Reputation: 20352
How can I find non-dates in a specific field in a dataframe? I have dates that look like this:
20260521
20201207
20230130
When I look at the datatypes this is listed as 'object'. I made a few attempts to coerce these items into actual dates, using the following code.
This, actually does nothing.
df['MATURITY'] = pd.to_datetime(df['MATURITY'], errors='ignore')
The following two attempts throw an error.
df['MATURITY'] = df['MATURITY'].astype('datetime64[ns]')
df['MATURITY'] = pd.to_datetime(df.MATURITY)
Error Message:
ValueError: ('String does not contain a date:', ' ')
I can probably just delete these records, but I would like to see what they look like, before arbitrarily deleting them. So, I have two questions:
1) How can I view these specific records, in the field named 'MATURITY' which are throwing errors?
2) Also, if I want to delete these specific records, how can I do it?
Upvotes: 0
Views: 1069
Reputation: 59284
As per docs
, the argument errors
in pd.to_datetime
can be:
errors : {‘ignore’, ‘raise’, ‘coerce’}, default ‘raise’

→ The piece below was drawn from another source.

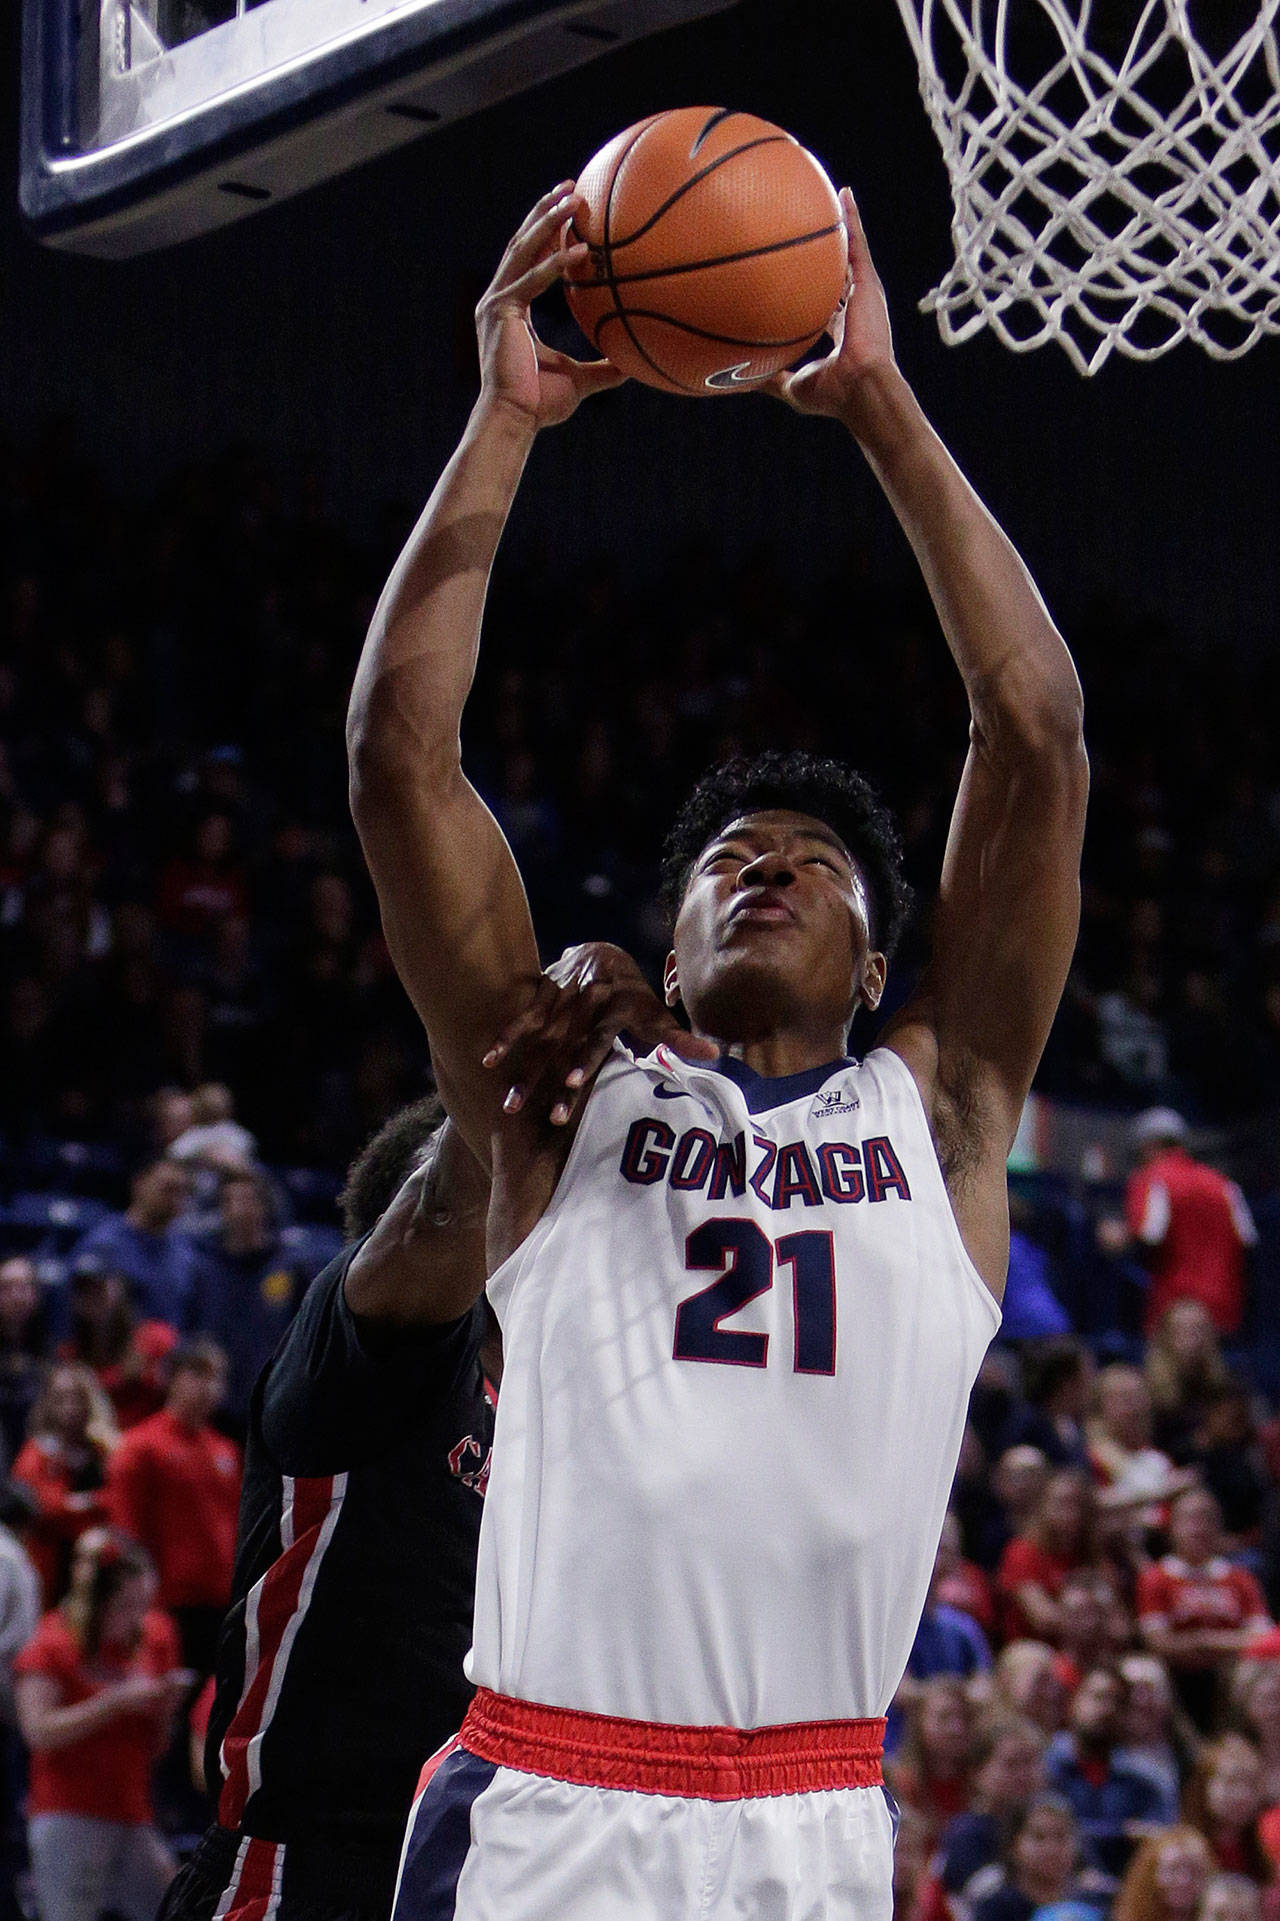 Gonzaga forward Rui Hachimura (21) shoots during the first half of a game against Incarnate Word on Nov. 29, 2017, in Spokane. (AP Photo/Young Kwak)
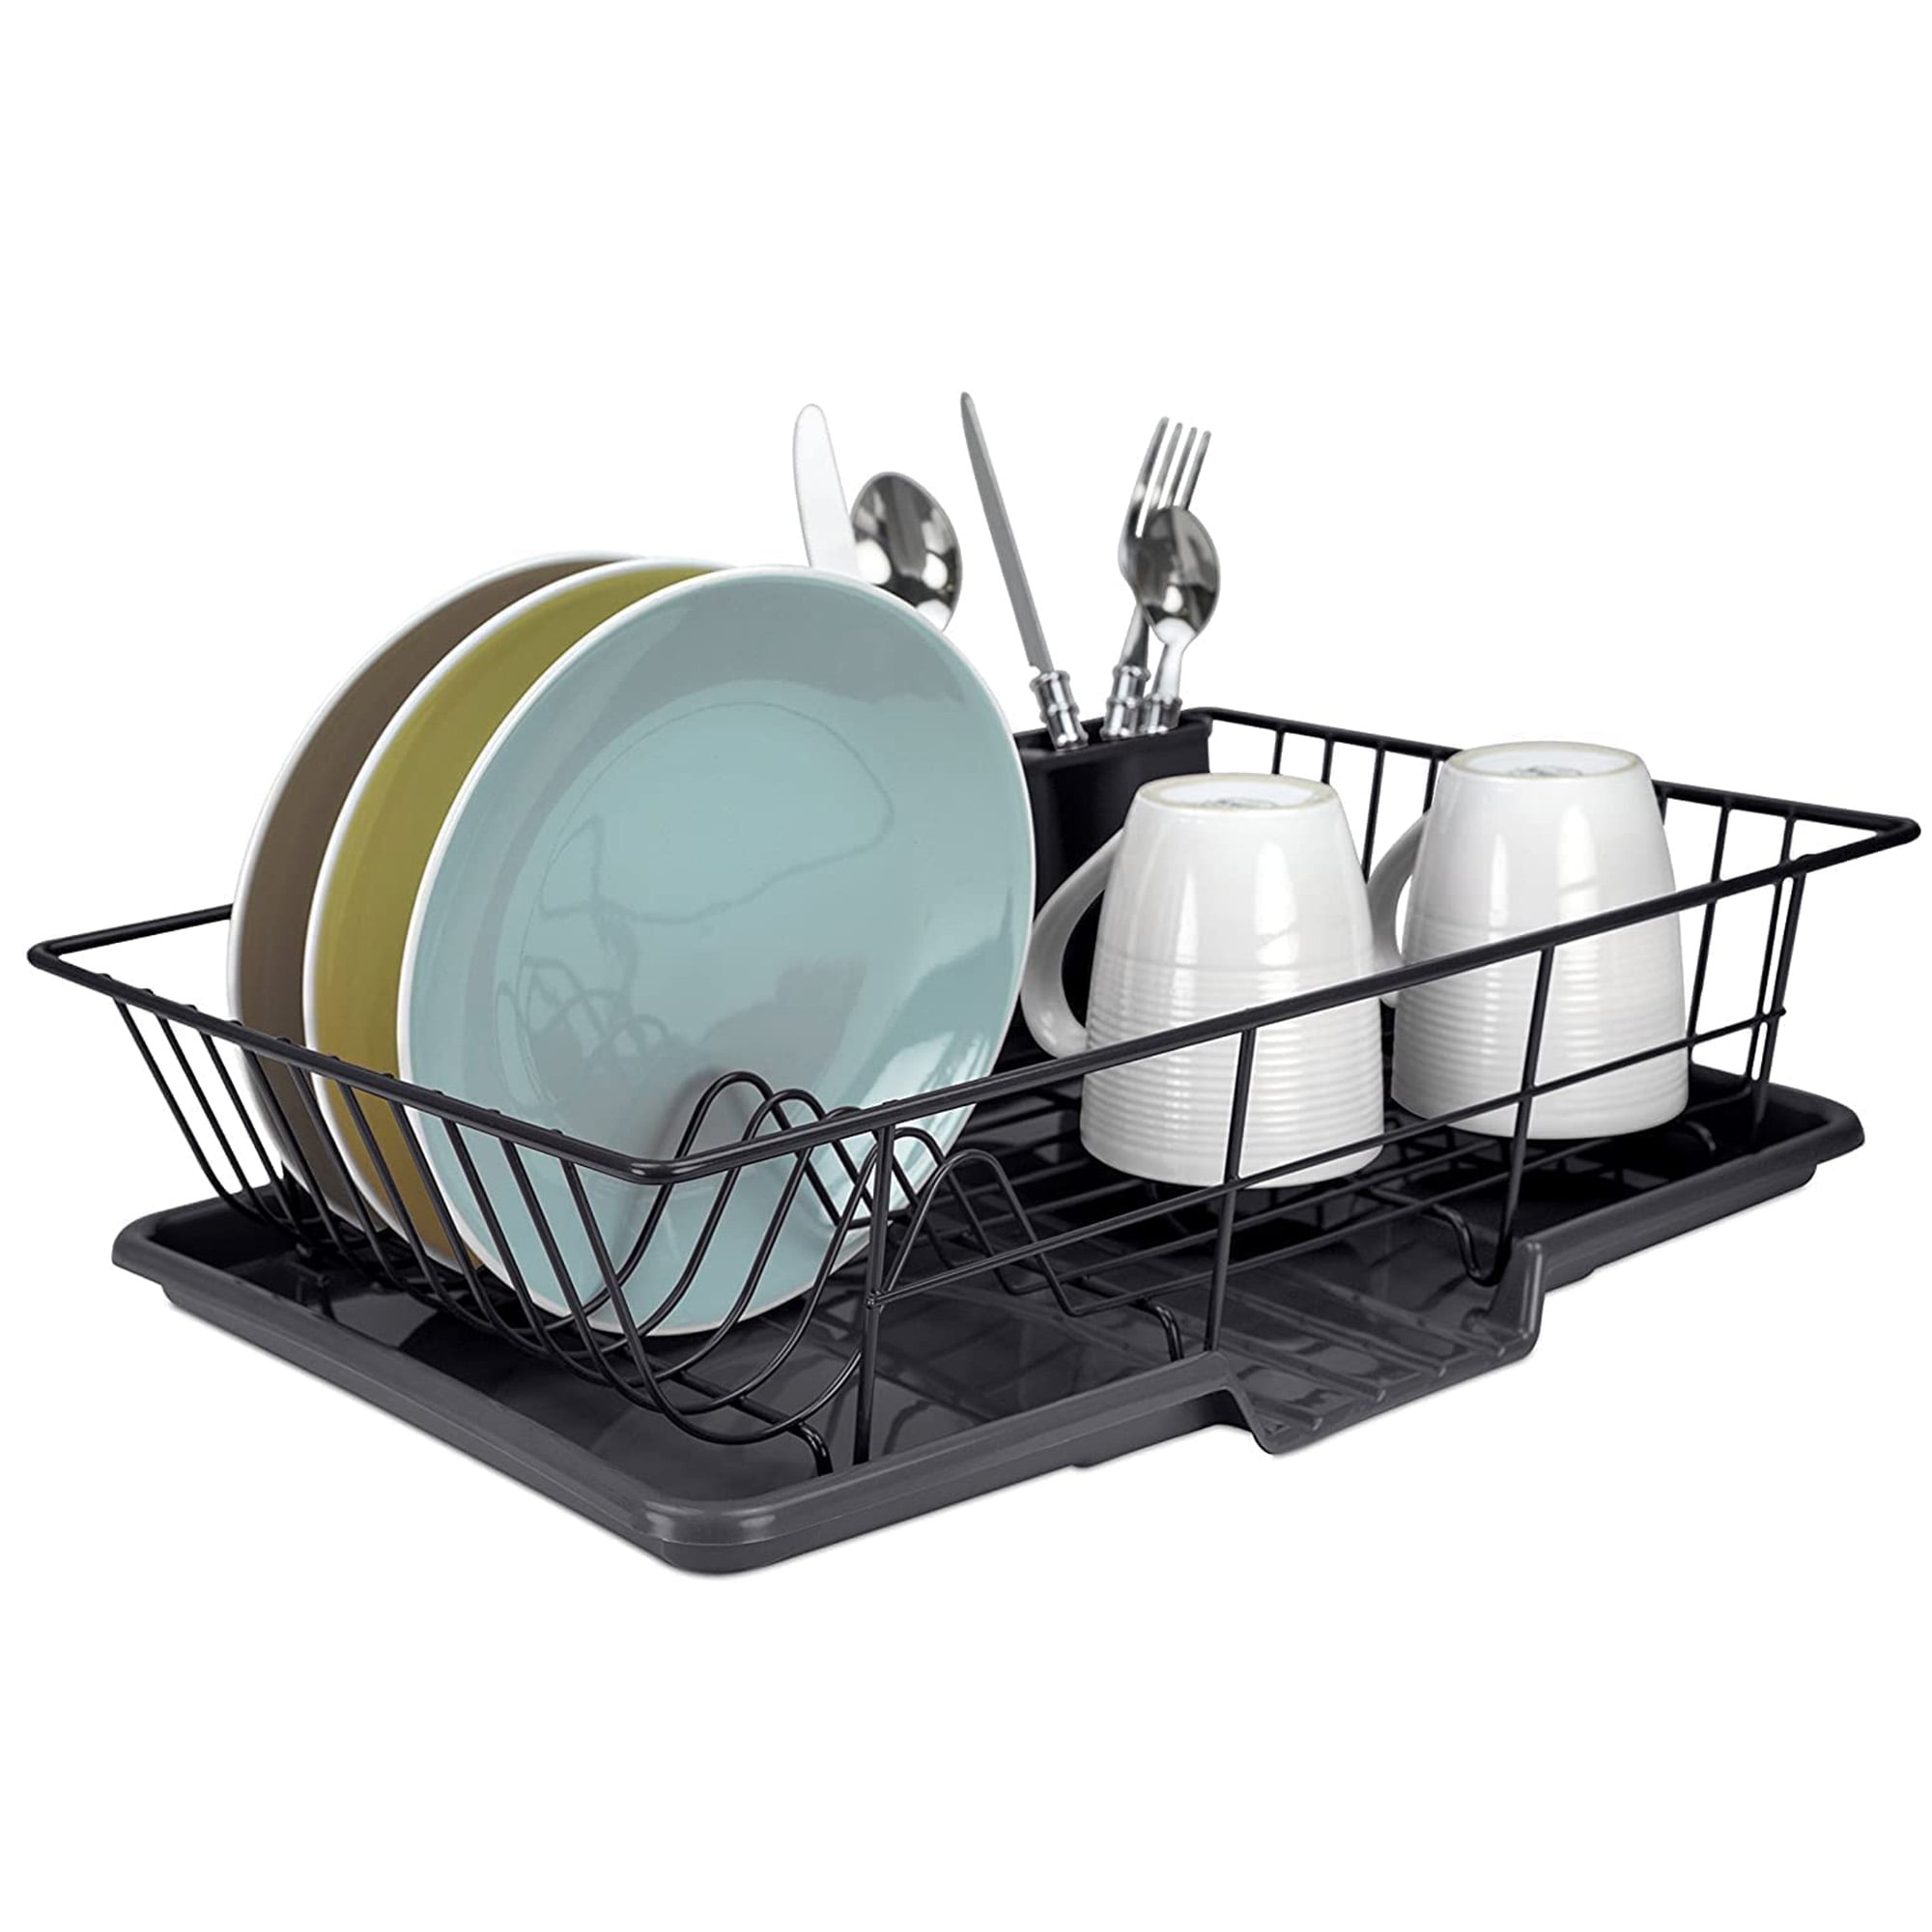 OITREX 3 in 1 Combo Offer Large Sink Set Dish Rack Drainer with Tray for  Kitchen

If ‘raise’, then invalid parsing will raise an exception
If ‘coerce’, then invalid parsing will be set as NaT
If ‘ignore’, then invalid parsing will return the input
Hence, you should use errors='coerce'
and work with the NaN
s
df['MATURITY'] = pd.to_datetime(df['MATURITY'], errors='coerce')
1) How can I view these specific records, in the field named 'MATURITY' which are throwing errors?
df.loc[df['MATURITY'].isnull()]
2) Also, if I want to delete these specific records, how can I do it?
df.dropna(subset='MATURITY')
Upvotes: 4